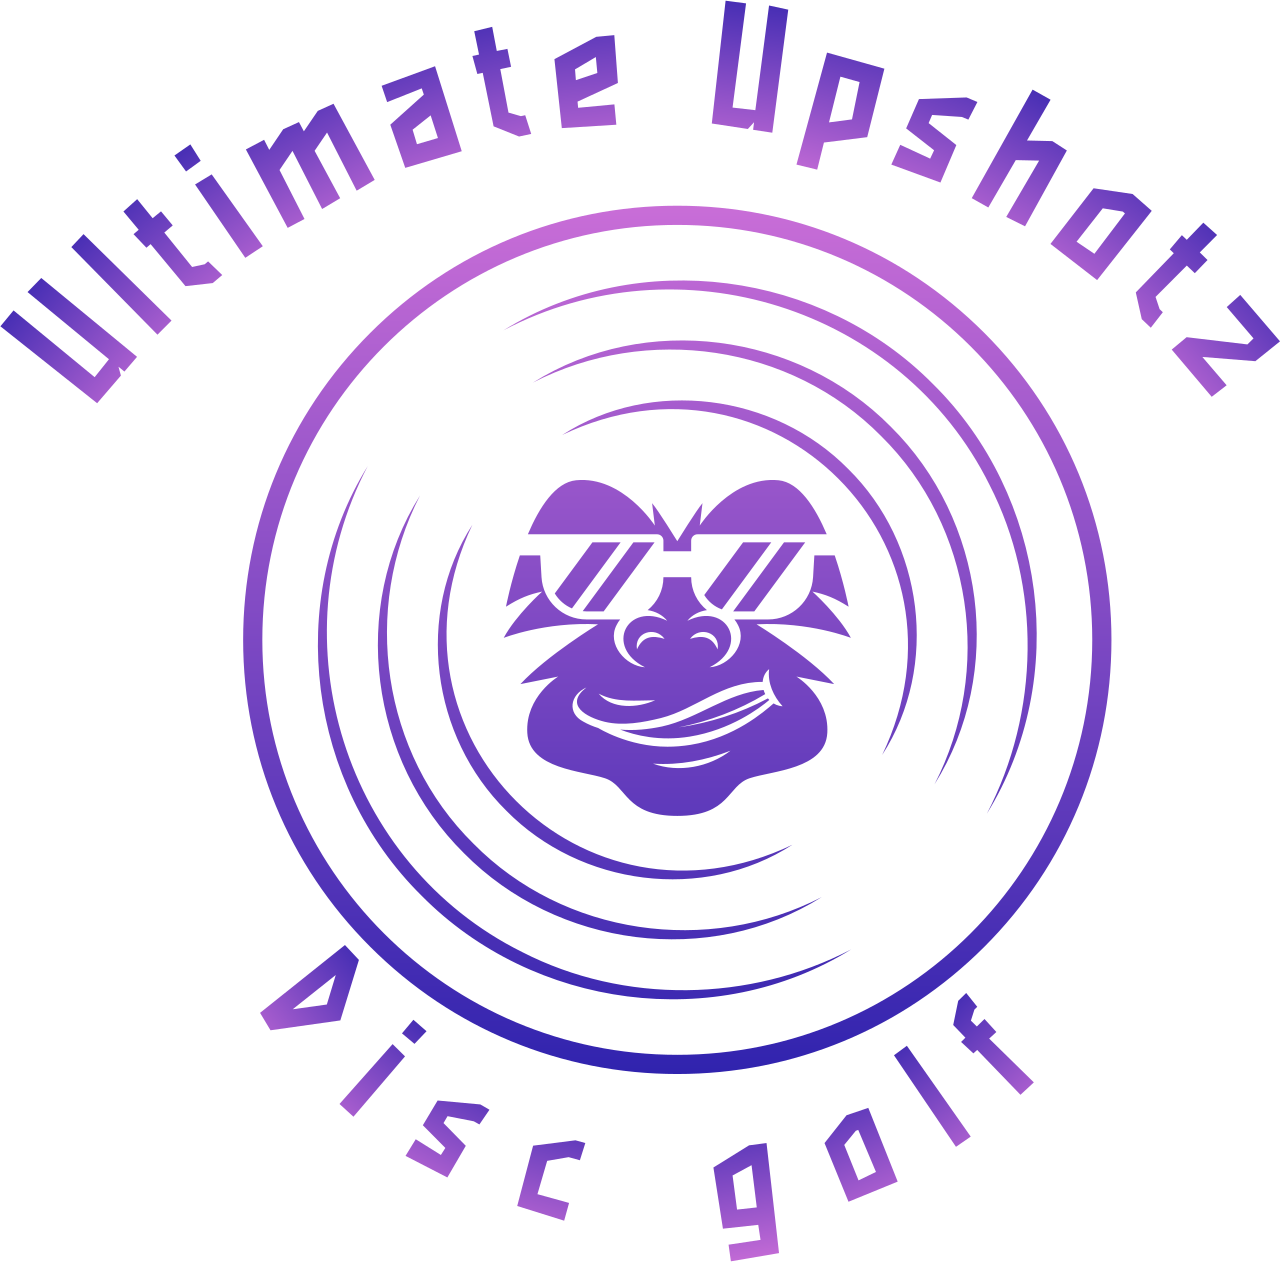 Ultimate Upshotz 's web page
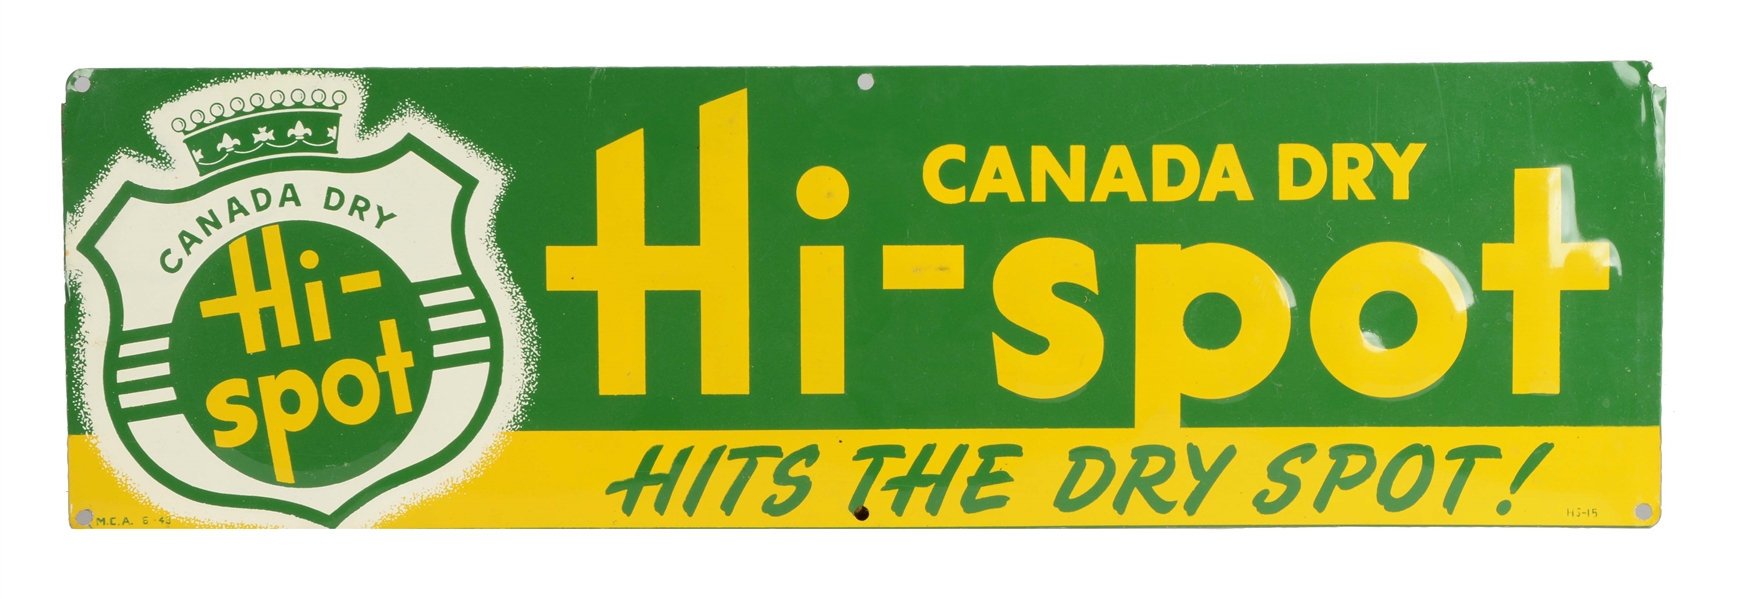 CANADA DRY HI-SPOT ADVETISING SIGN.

####################

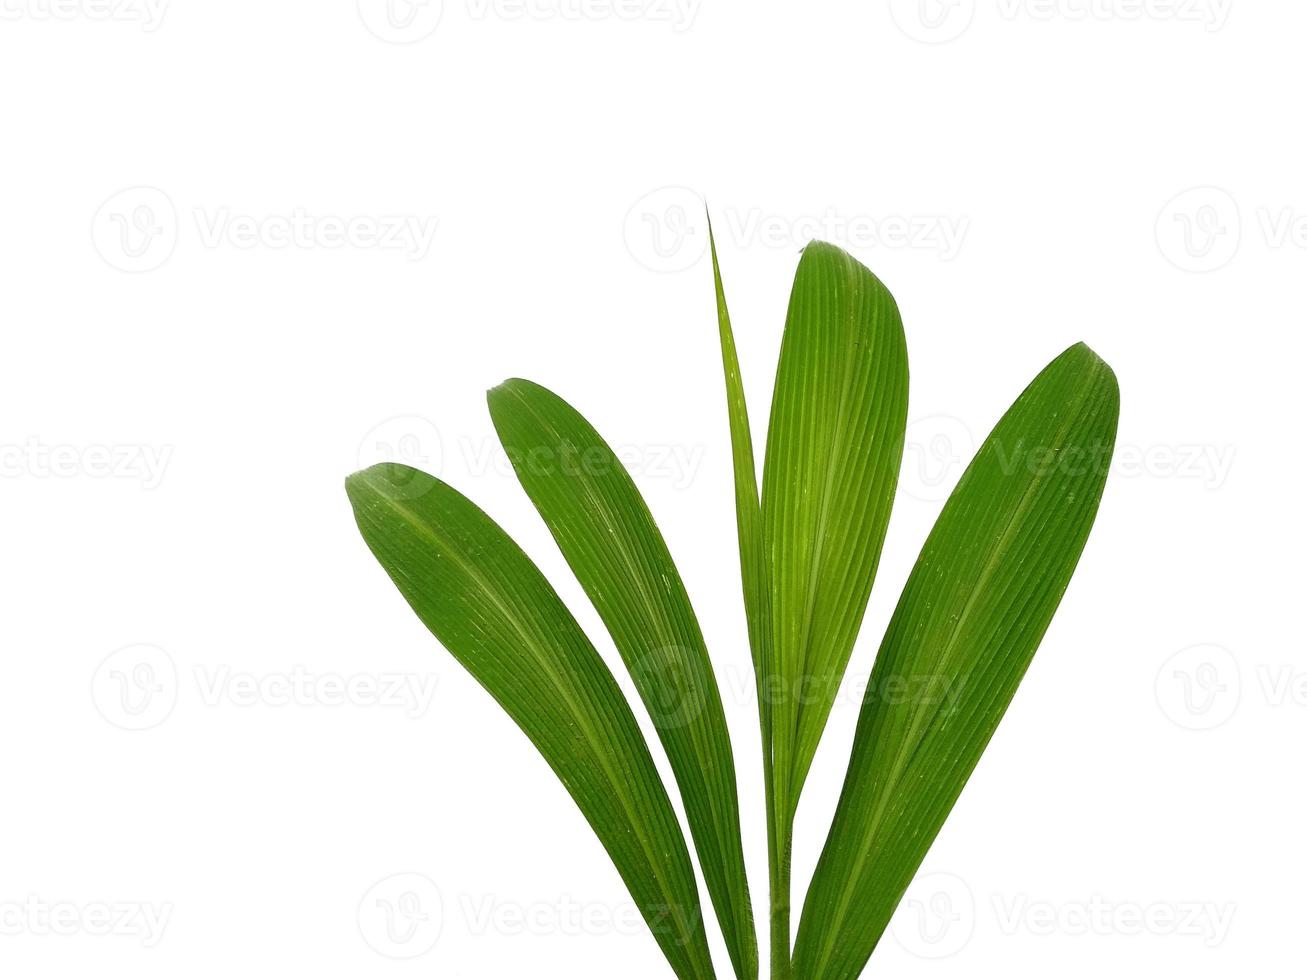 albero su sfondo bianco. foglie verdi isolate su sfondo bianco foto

####################

→ **EXERCISE GOAL**
Of the lines above, copy only those from the one holding "Ultimate Upshotz 's web page" to the one holding "CANADA DRY HI-SPOT ADVETISING SIGN.", both included, and exclude every image.

→ **ANSWER TO THE PROBLEM**
 Ultimate Upshotz 's web page
 CANADA DRY HI-SPOT ADVETISING SIGN.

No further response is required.